Bianca smiles so wide at the compliment I think I see tonsils.
I don’t look at the guy for the rest of the game, won’t give him the satisfaction, even when he laughs so hard that other spectators tell him to shut up.
By the time the countdown clock reaches zero, darkness envelops the field and the Renegades are victorious. The football team ambushes Devon and lifts him above their heads. To say the crowd is happy would be an understatement of epic proportions.
It takes about three and a half minutes for the stadium to thin out after that. I know this because that’s how long Devon gives me to change out of my uniform before we leave for the concert, and by the time I emerge from the girls’ locker room, dressed in a black lace tank, a fluorescent pink micromini, sky-high black heels, and bright red lipstick, there’s not a soul left in the bleachers. Everyone’s converged on the parking lot to make plans for the night. Kids pile into cars. Music blares from open windows, sending vibrations across the earth that I can feel in my spine. Someone peels across the parking lot, and everyone whoops and cheers. The air crackles with positive energy.
“Hurry up!” Devon calls from across the lot, waving and hopping impatiently outside his silver BMW.
“I’m coming, I’m coming.” I run as fast as I can in four-inch heels on loose gravel. Which is impressively fast, I must say.
I pass the rest of the squad and football team circled around Jarrod’s car, which pumps techno music through the lot. They’re still dressed in their uniforms, which they’ll wear all night, if tonight is anything like past game nights; it’s important to show our team pride around the city, Bianca says. Yeah, because what the citizens of Los Angeles can’t get enough of is high school football.
“Hey,” Jarrod calls to me. “You guys are coming to my house after the concert, right?”
“Course,” I say. “Who isn’t going?”
My answer elicits cheers from our friends. Jarrod better have some carpet cleaner handy, because his place is getting trashed tonight.
“Hey! Hey, you, Indiana, or whatever.”
I spin around and find the leather jacket guy giving me a wide smile. “Good, I thought I’d have to tackle, tackle, tackle you!” He mimics our cheer, a shit-eating grin on his face.
My friends must recognize our heckler too, because they circle around me.
“You know that guy?” Bianca hisses in my ear.
“No,” I say, offended, then call over to him, “Hey, don’t you have animals to torture behind a Dumpster or something?”
“Taking a break,” he says without missing a beat.
“Want me to mess this guy up?” Jarrod asks.
Bianca pushes Jarrod back and marches in front of me to face the guy. “Look, I don’t know who you think you are, but next time you chirp us during a game, we’re getting you kicked out.”
“Kicked out?” He claps his hand over his mouth. “You wouldn’t!”
“You better watch how you talk to us,” Jarrod says, taking a big, macho step closer.
“Indie, hurry up, we’re gonna be late!” Devon calls.
“Look,” Bianca says, catching Jarrod’s arm, “as much as I’d love for you to get better acquainted, we have a party to go to, because we have, like, lives. Come on, guys. Don’t waste your time on this loser.”
“Are you all just gonna, like, let her boss you around like that?” Leather Jacket Guy says in a perfect Bianca impression.
The weirdo makes a valid point; I hate him slightly less. But I’m running late, so I leave the petty, immature fighting to my friends.
“Finally,” Devon says as I get inside the car. “Who were you talking to?”
“Some loser.” I flip the vanity mirror down to check out my hair. It’s a good thing I’m going to a concert where wild hair is acceptable, because it’s Krazy with a capital K: about ninety percent frizz and ten percent curl.
“I don’t like him,” Devon says.
I flick him an incredulous look. “You can’t seriously be jealous.”
“I don’t want you talking to him.”
And I don’t want my boyfriend telling me who to talk to. I normally wouldn’t think twice before telling him exactly that, but we’ve been bickering too much lately. We need a good night.
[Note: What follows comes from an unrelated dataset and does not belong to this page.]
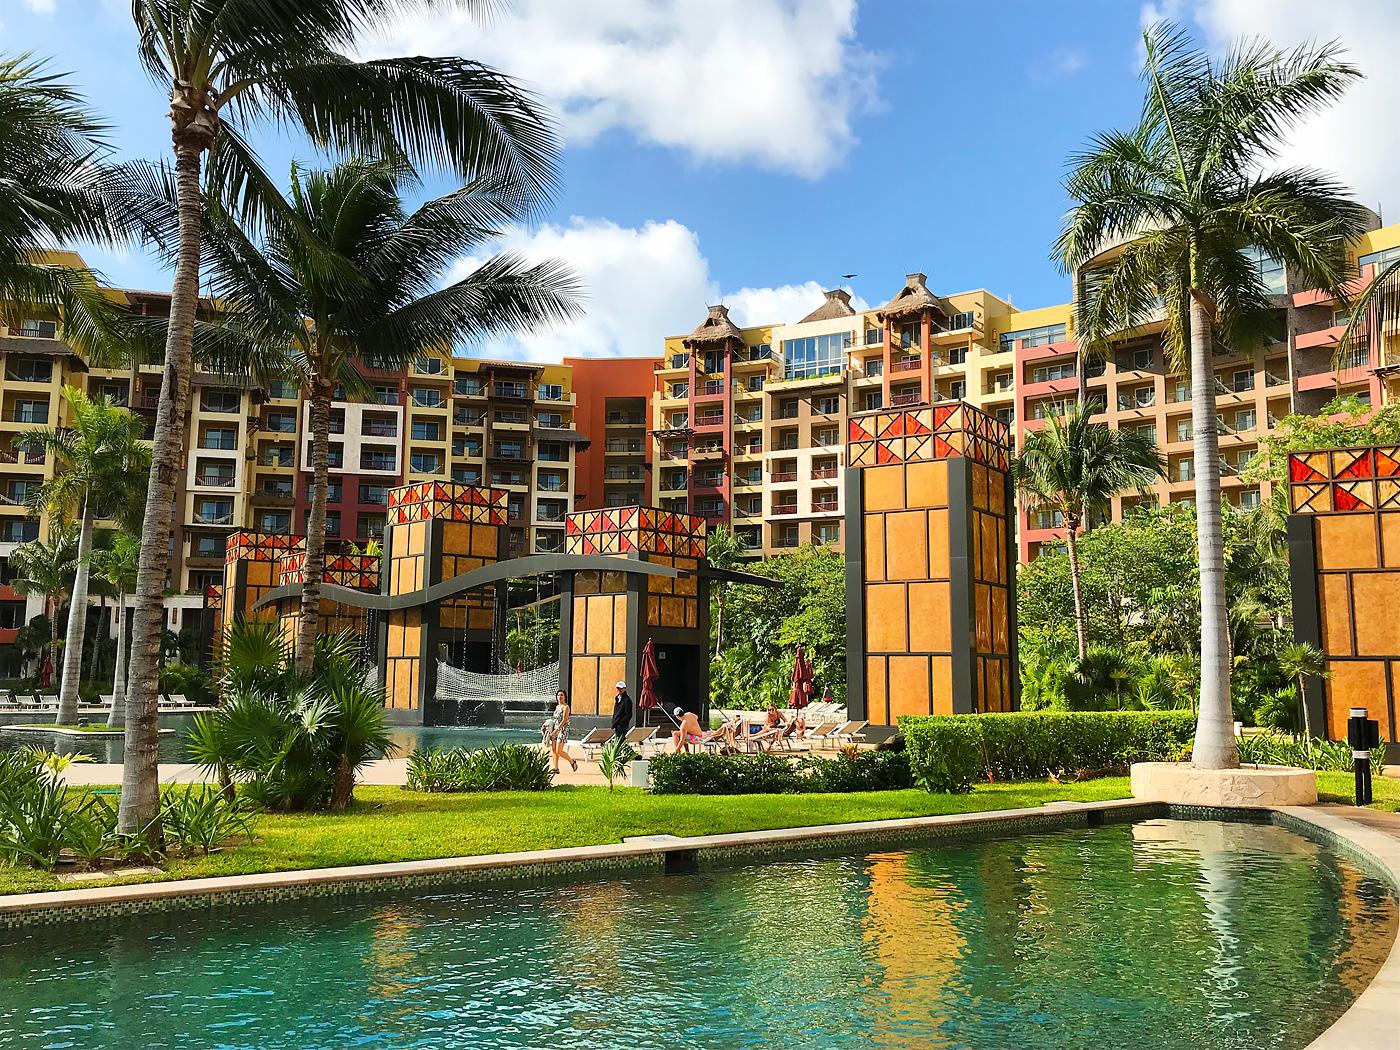 Villa Del Palmar - Cancun Luxury Travel - Resort Review
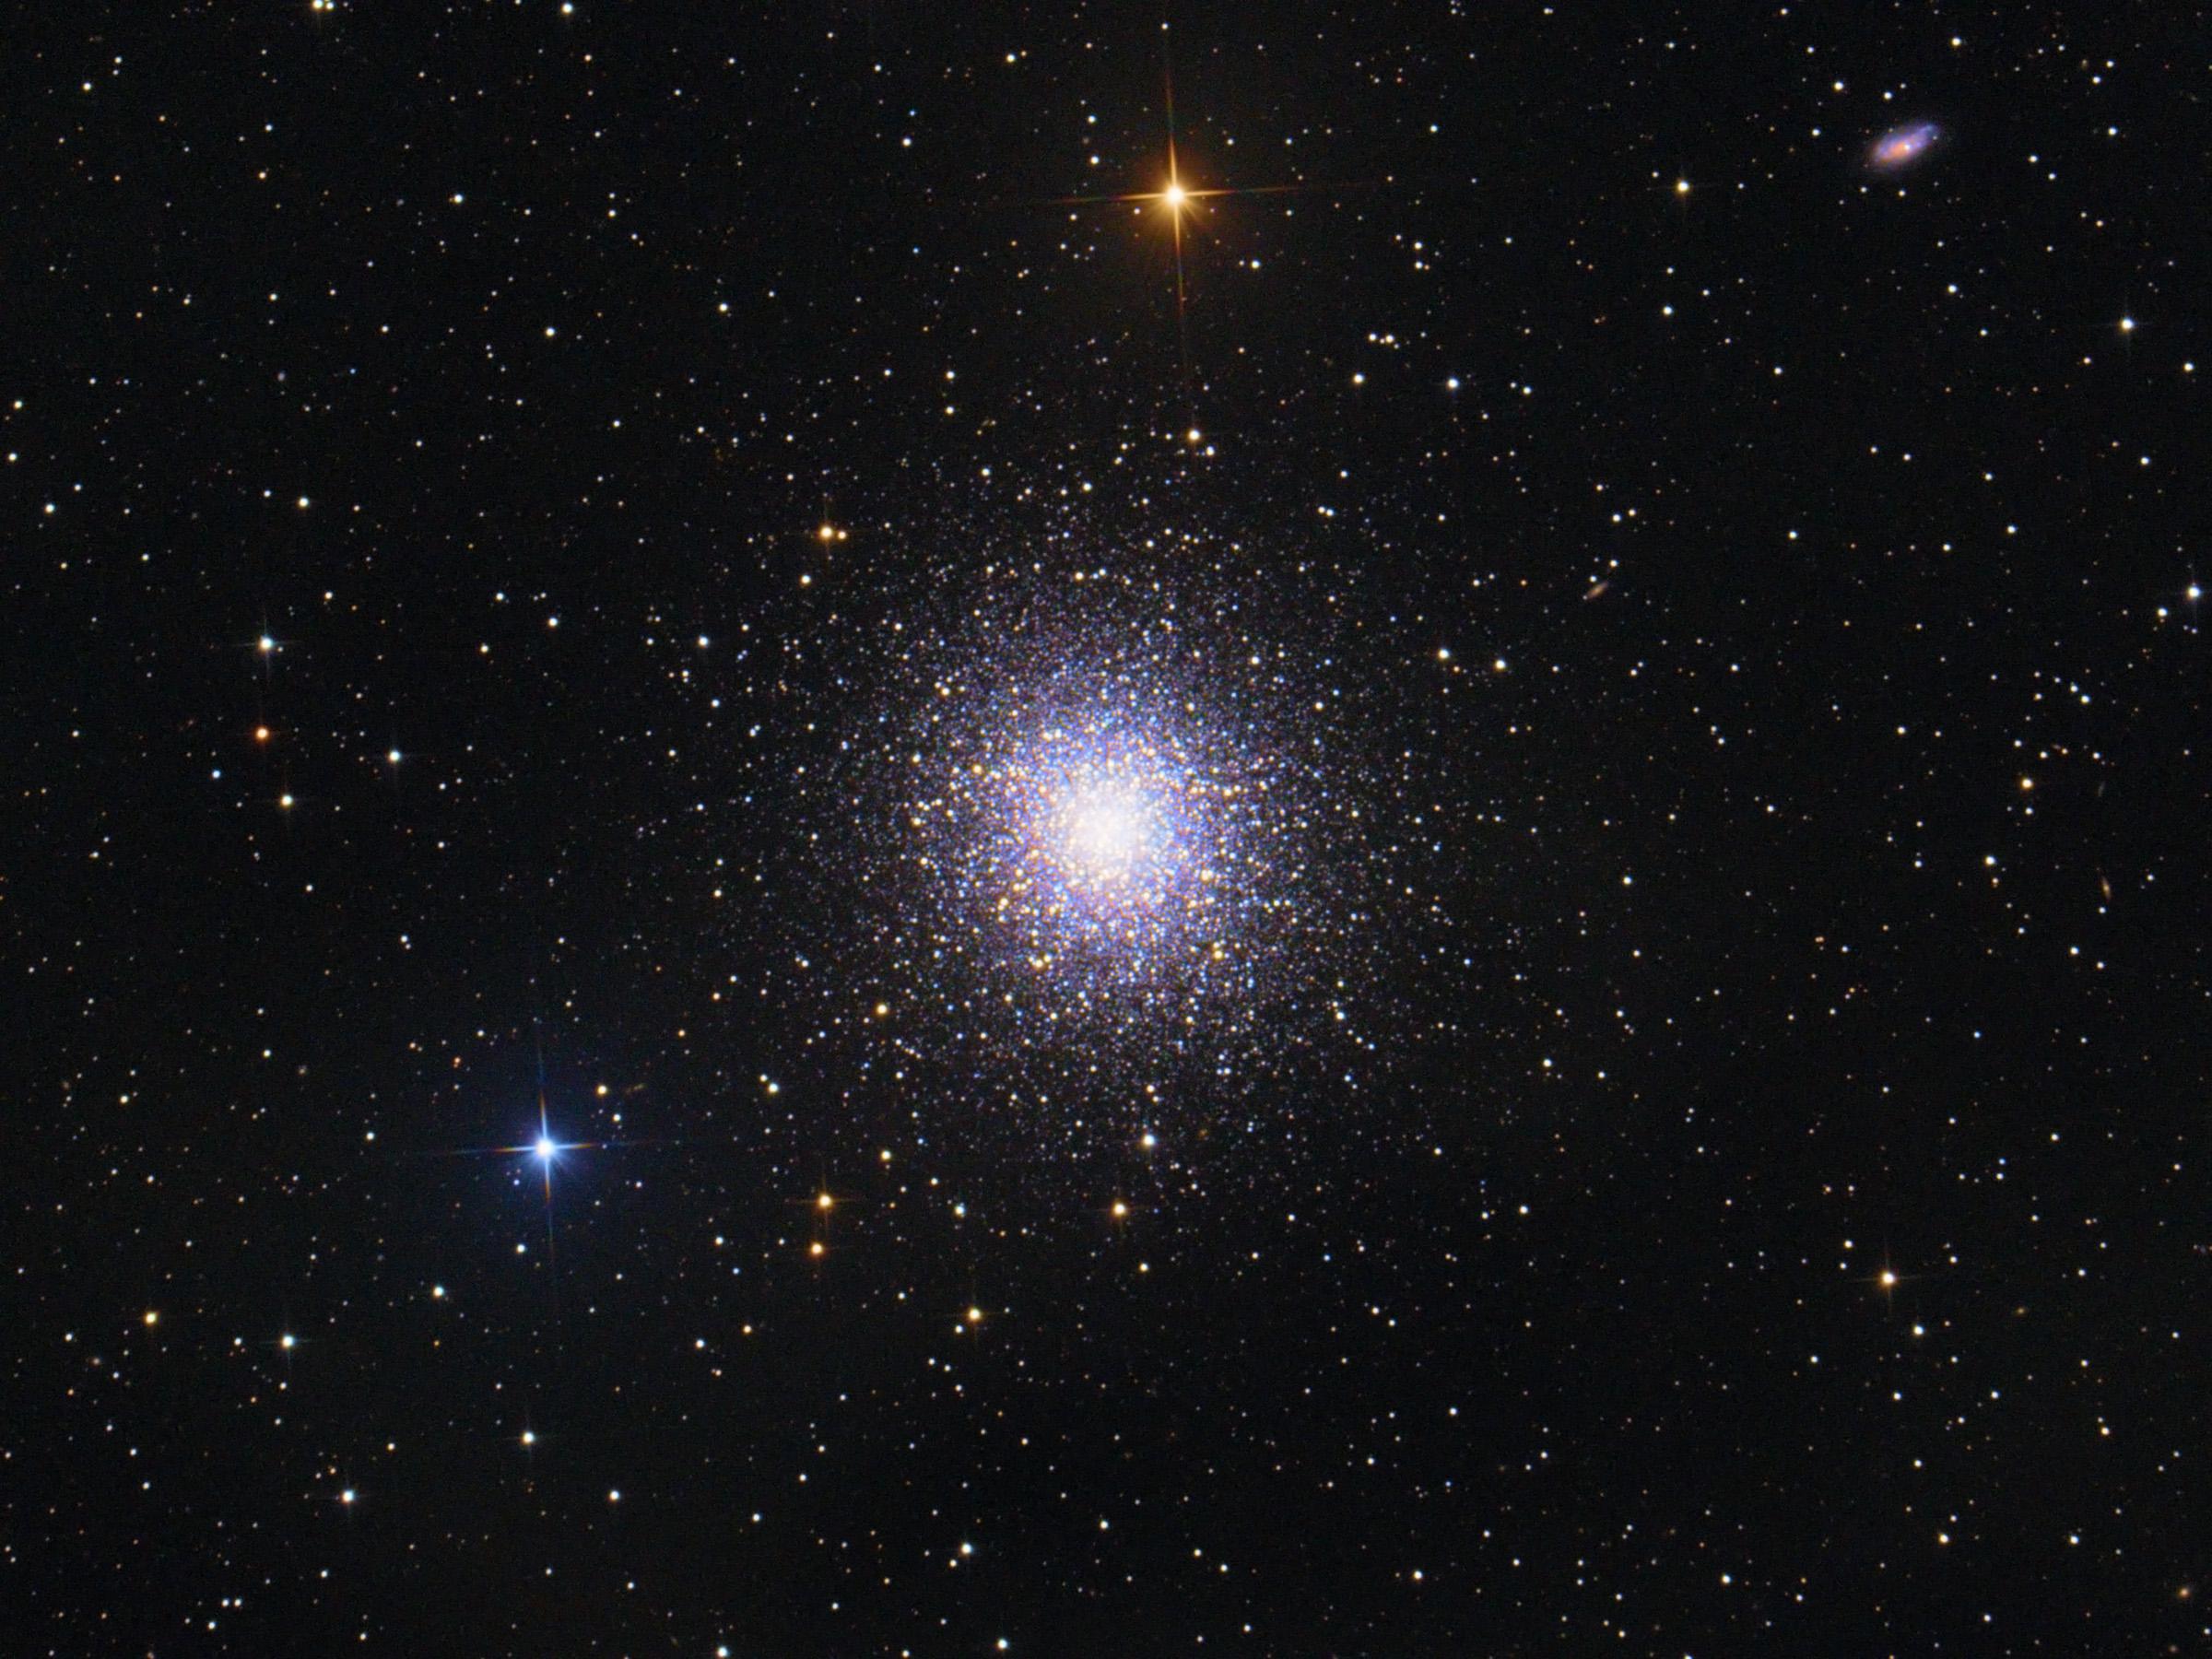 M13 Herkules-gömbhalmaz

Devon fiddles with the buttons on the dash until a Jay-Z song blasts through the speakers. “Yeah!” His head bobs in time with the music. “Hope he does this song tonight. It’s wicked.”
I smile and gaze out the window; the guy is gone. “Yeah, really wicked.”
Sweat collects in places I didn’t know was possible. Beer is sloshed down the front of my tank top, which clings to my body like I’m an extra in some sort of Girls Gone Wild video. And I smell—bad.
Which all might be super embarrassing if twenty thousand other screaming Jay-Z fans weren’t in the same exact situation as me.